The problem it solves
Every AI gives you the answer it thinks you want to hear. Adversarial Mirror sits between you and your models and routes the right prompts to a second model whose only job is to challenge the first one — not to be contrary, but to surface the assumptions you didn't know you were making, the risks you didn't ask about, and the alternatives you didn't consider.
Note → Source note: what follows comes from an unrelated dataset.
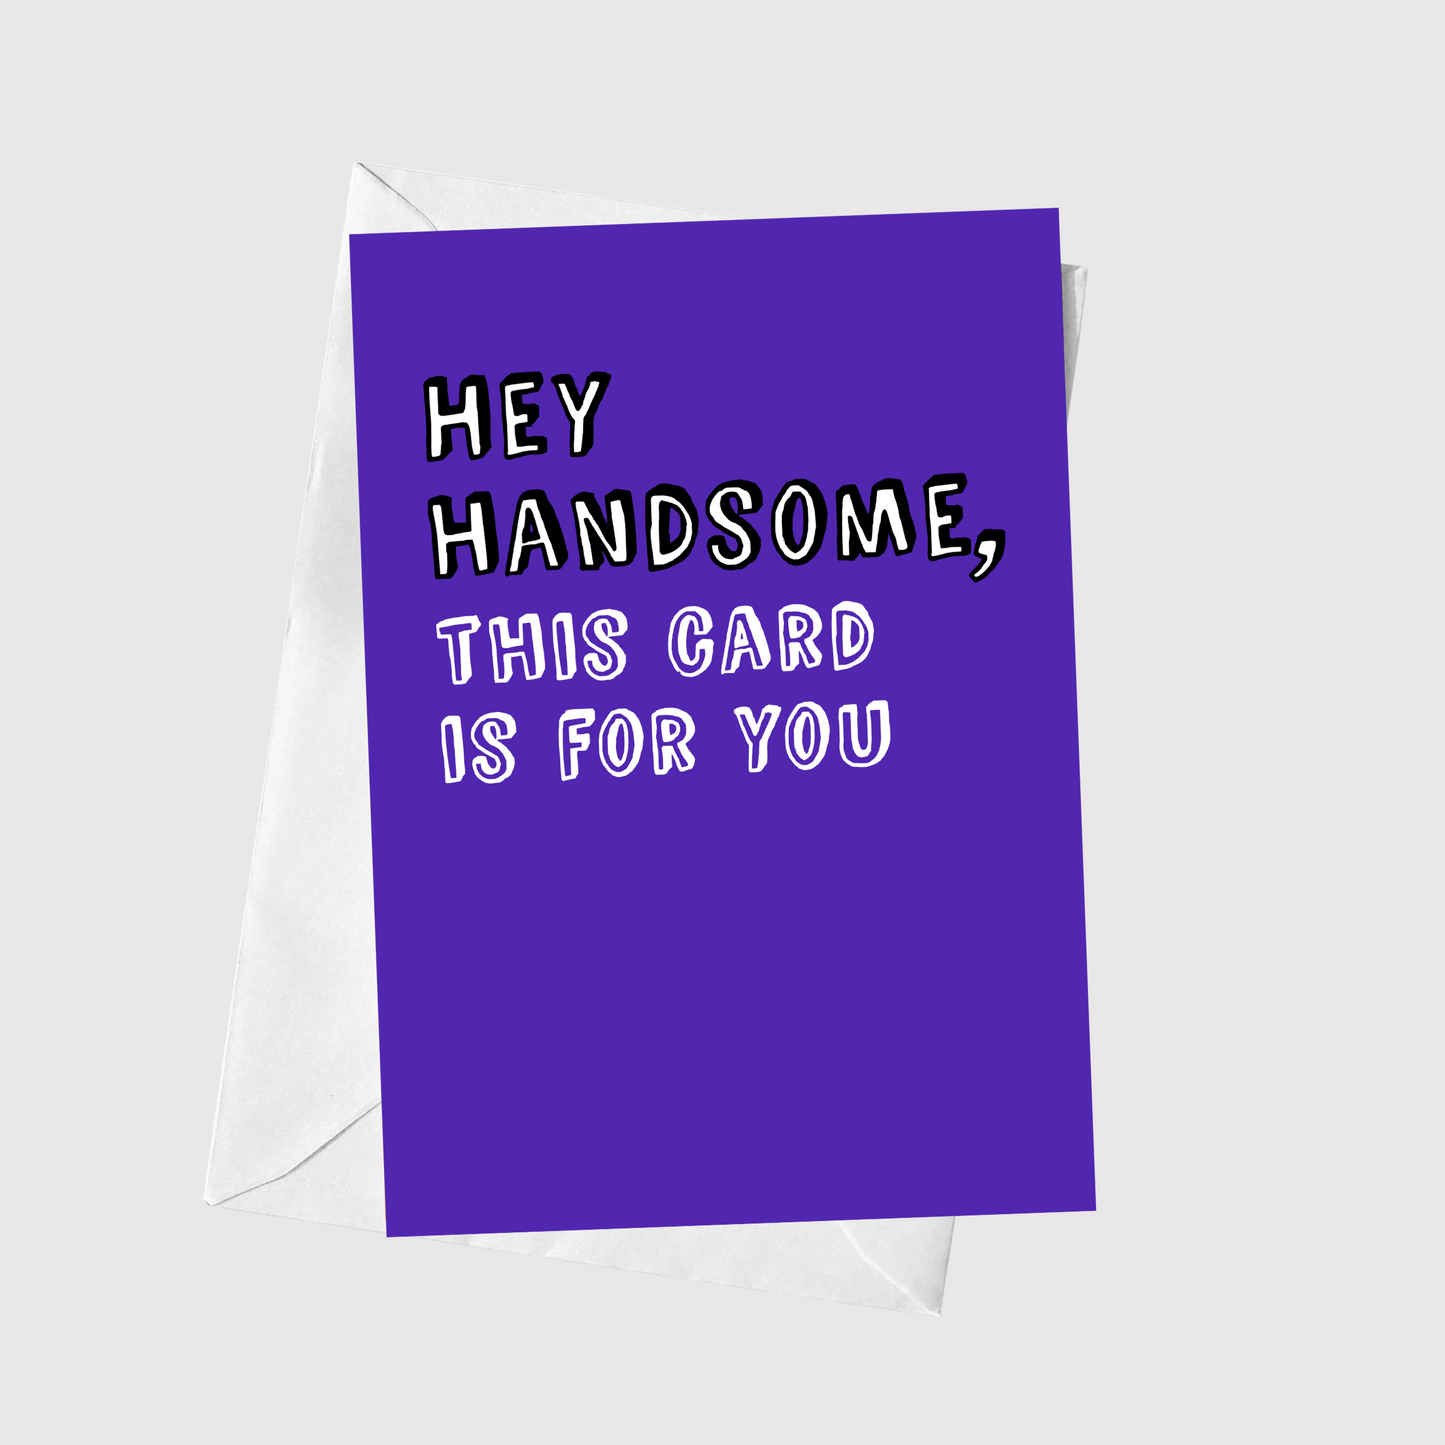 Hey Handsome, This Card Is For You

Not every prompt benefits from adversarial pressure. Factual lookups, math, and code have correct answers — mirroring them wastes tokens and adds noise. Adversarial Mirror classifies each prompt first and only applies the challenger where it actually helps.
Your prompt
│
▼
┌──────────────────────────────────────────────────────┐
│ Intent Classifier │
│ │
│ factual · math · code · conversational │
│ └─► direct mode (original only, no challenger) │
│ │
│ opinion · analysis · strategy · prediction │
│ └─► mirror mode (original + challenger) │
└──────────────────────────────────────────────────────┘
│
│ mirror mode
▼
┌───────────────────────┐
│ Original + Challenger│ both stream in parallel
└───────────────────────┘
│
▼
┌───────┐
│ Judge │ agreement score · synthesis · blind spot
└───────┘ on by default — skip with --no-judgeThe output is a persistent terminal session. Each completed exchange stamps itself permanently into the scrollback. Only the live streaming panels update while models are running.
Install
npm install -g adversarial-mirrorOr build from source:
git clone https://github.com/ArtificialStephen/adversarial-mirror
cd adversarial-mirror
npm install && npm run build
npm linkRun the one-time setup wizard:
mirror config initThis walks you through API keys, default brains, intensity, judge, and persona settings. Keys are persisted to environment variables (setx on Windows, shell profile export on Unix).
Quick start
# Interactive session (default when no subcommand is given)
mirror
# One-shot query — streams and exits
mirror mirror "Should I rewrite this in Rust?"
# Increase adversarial pressure
mirror --intensity aggressive
# Apply a professional lens to the challenger
mirror --persona security-auditor
# Disable the judge synthesis pass
mirror --no-judge
# Load a file as context before the session starts
mirror chat --file ./architecture.md
# One-shot with file context
mirror mirror --file ./spec.md "What are the risks?"
# Pipe anything in
cat proposal.md | mirror mirror "Challenge every assumption"
# Override which brains are used for this run
mirror --original claude-sonnet-4-6 --challenger o3-mini --judge-brain claude-opus-4-6OAuth Authentication (no API key required)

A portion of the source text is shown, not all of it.